= The data =
━━━━━━

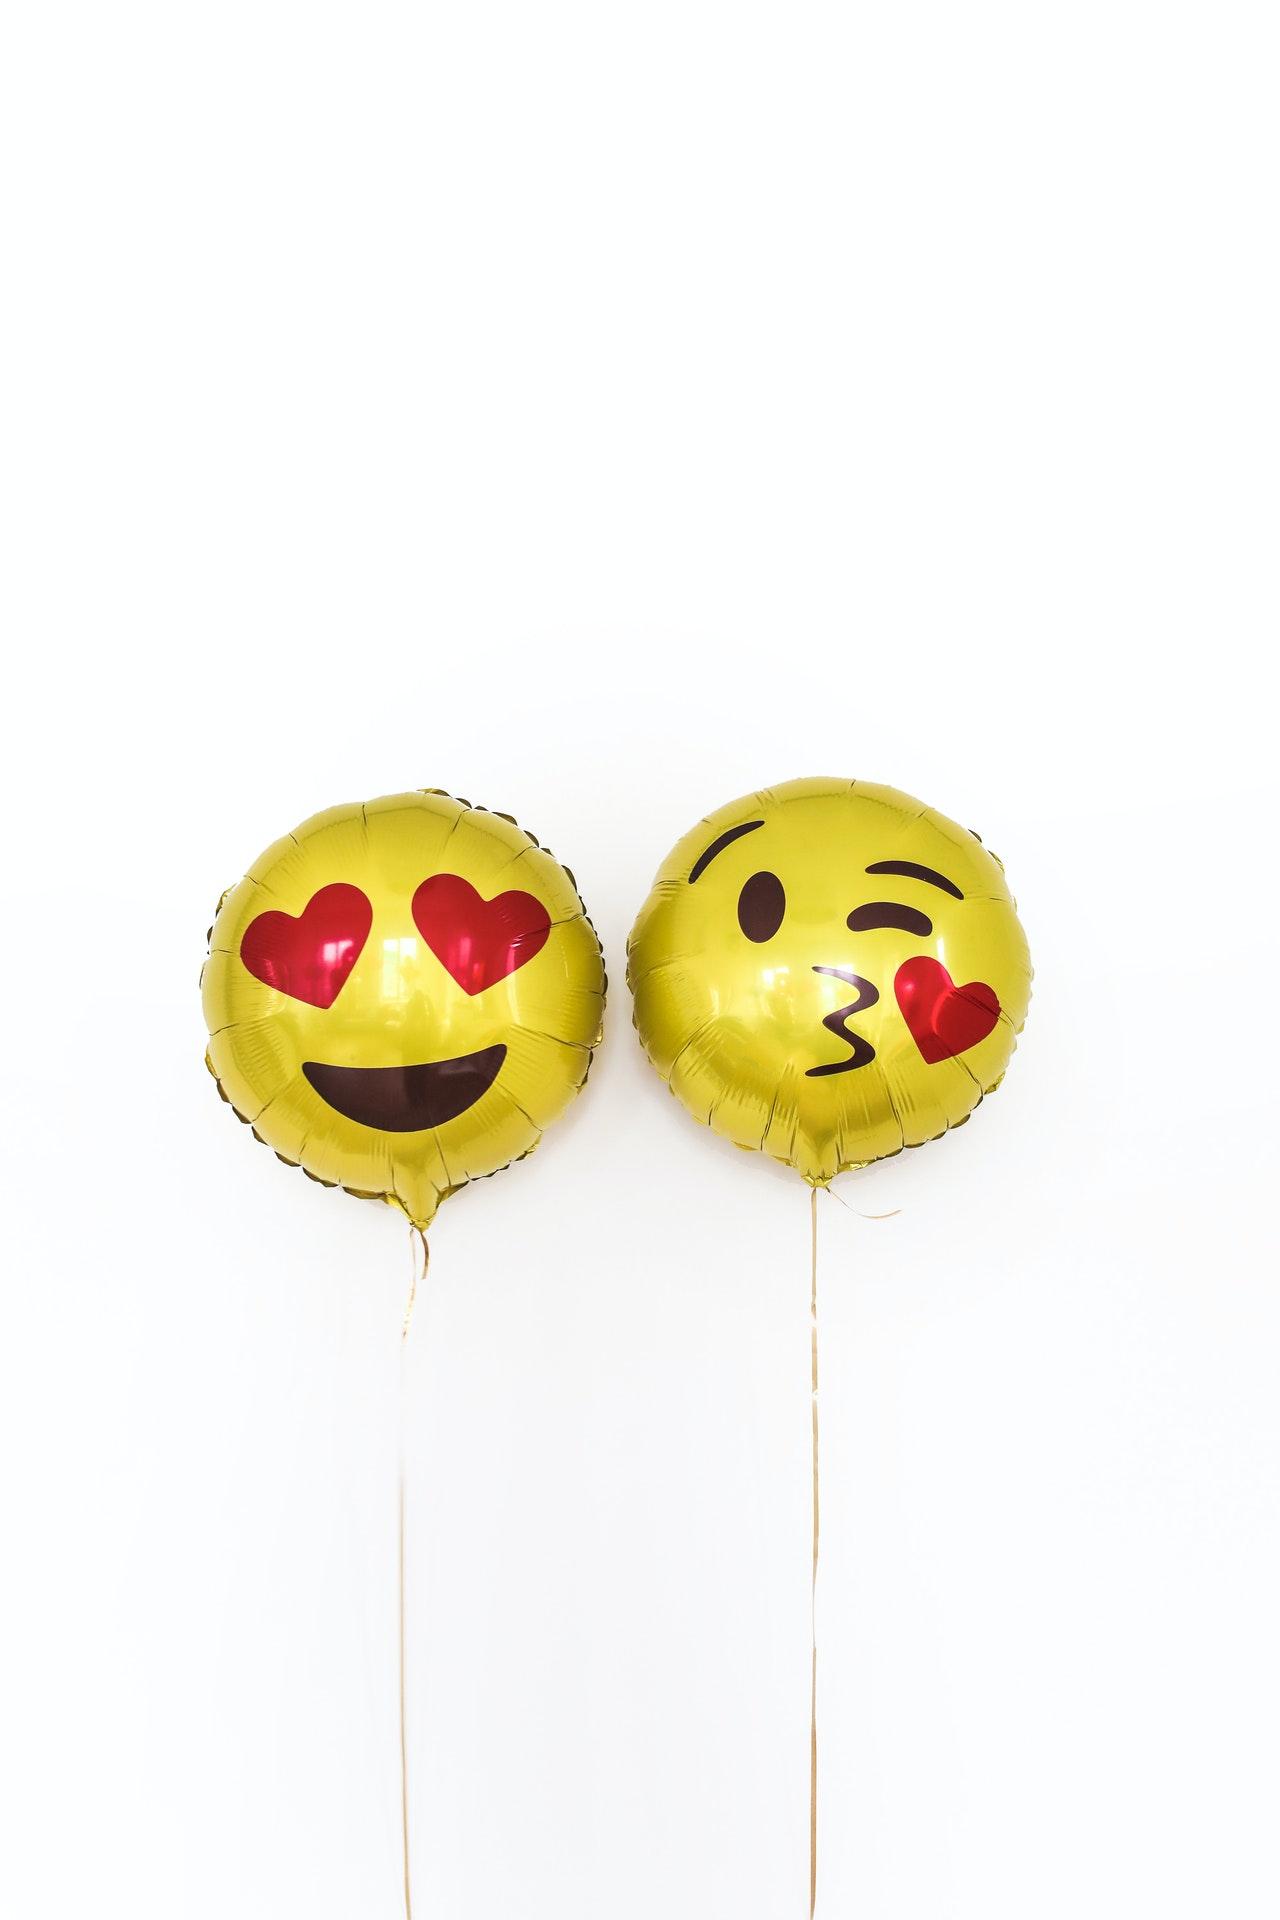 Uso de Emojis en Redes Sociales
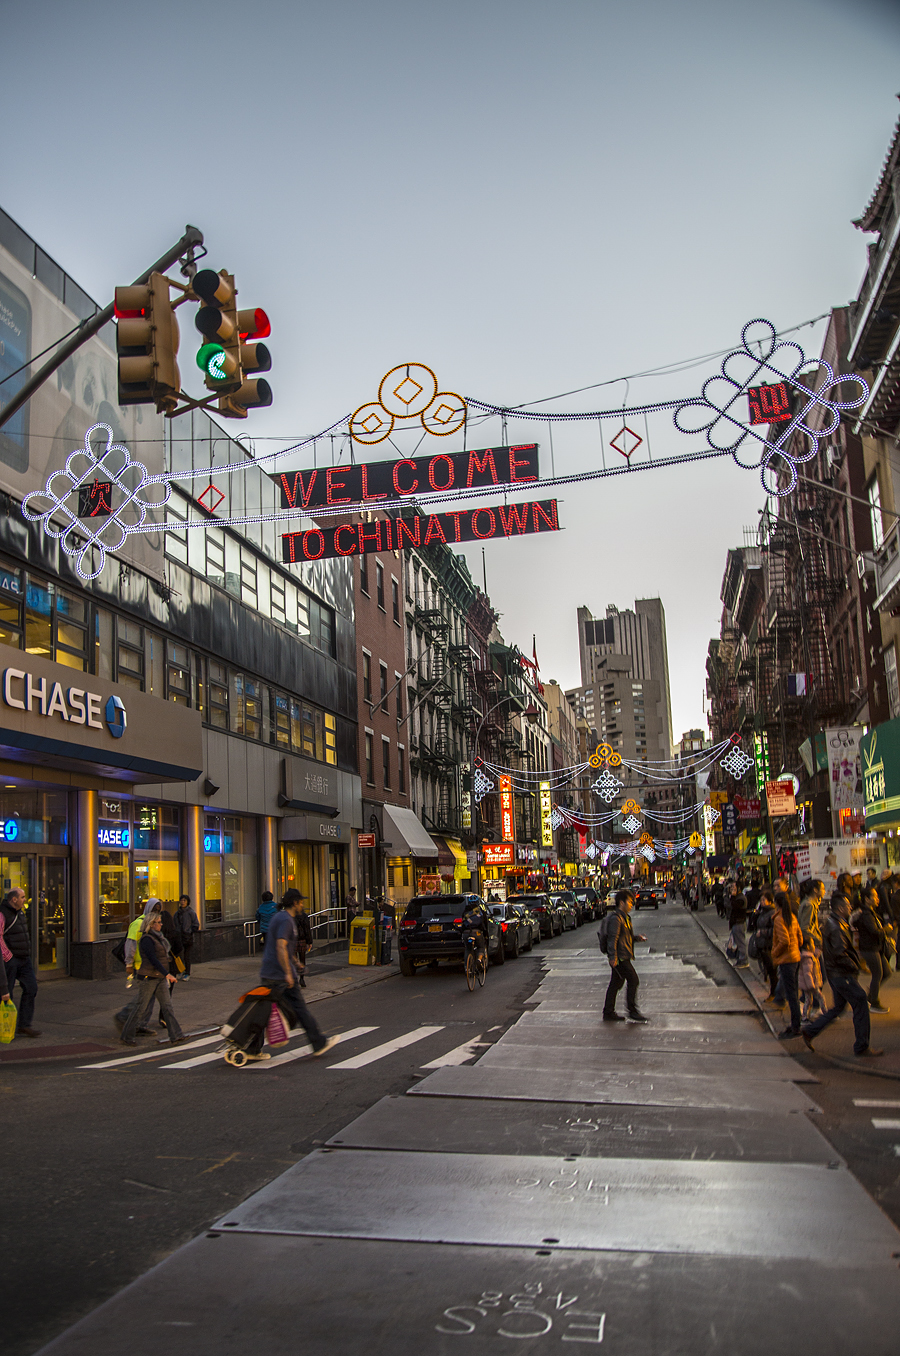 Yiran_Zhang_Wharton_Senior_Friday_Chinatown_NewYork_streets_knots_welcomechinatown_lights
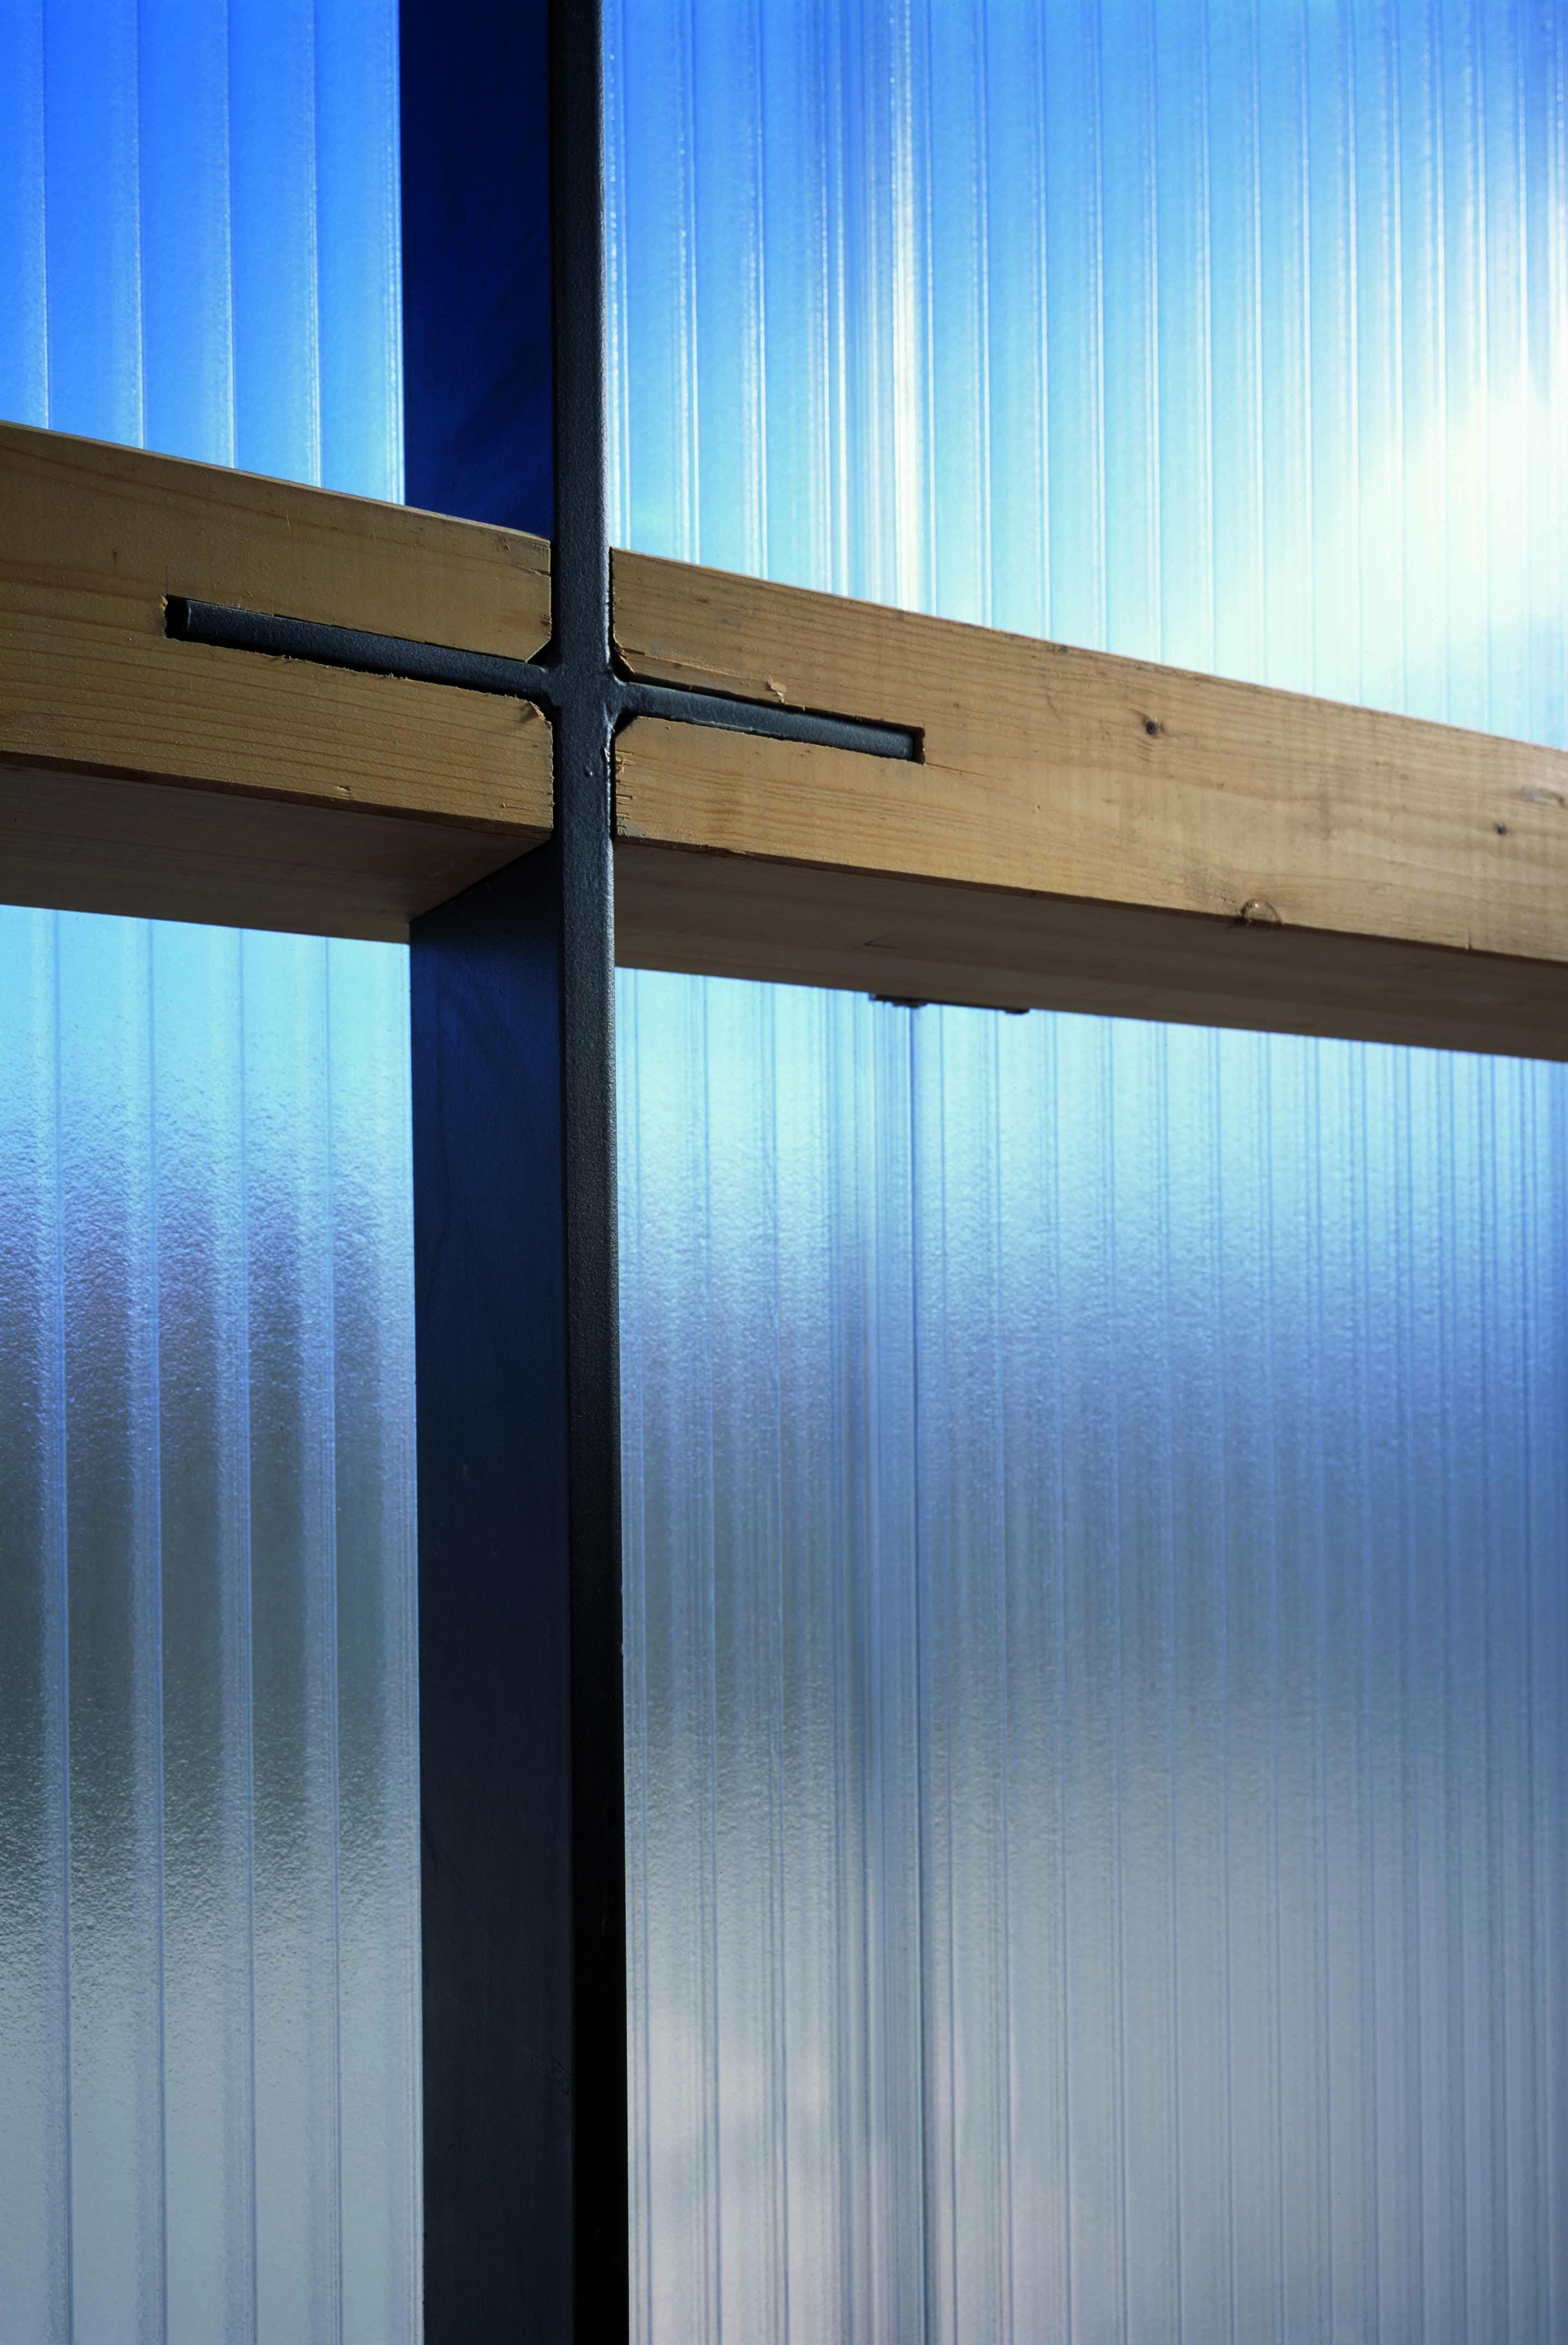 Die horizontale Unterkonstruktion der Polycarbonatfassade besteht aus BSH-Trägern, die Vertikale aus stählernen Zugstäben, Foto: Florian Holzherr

━━━━━━

= Task item =
Print the material precisely as given, dropping any images it holds.

= Response =
 Uso de Emojis en Redes Sociales
 Yiran_Zhang_Wharton_Senior_Friday_Chinatown_NewYork_streets_knots_welcomechinatown_lights
 Die horizontale Unterkonstruktion der Polycarbonatfassade besteht aus BSH-Trägern, die Vertikale aus stählernen Zugstäben, Foto: Florian Holzherr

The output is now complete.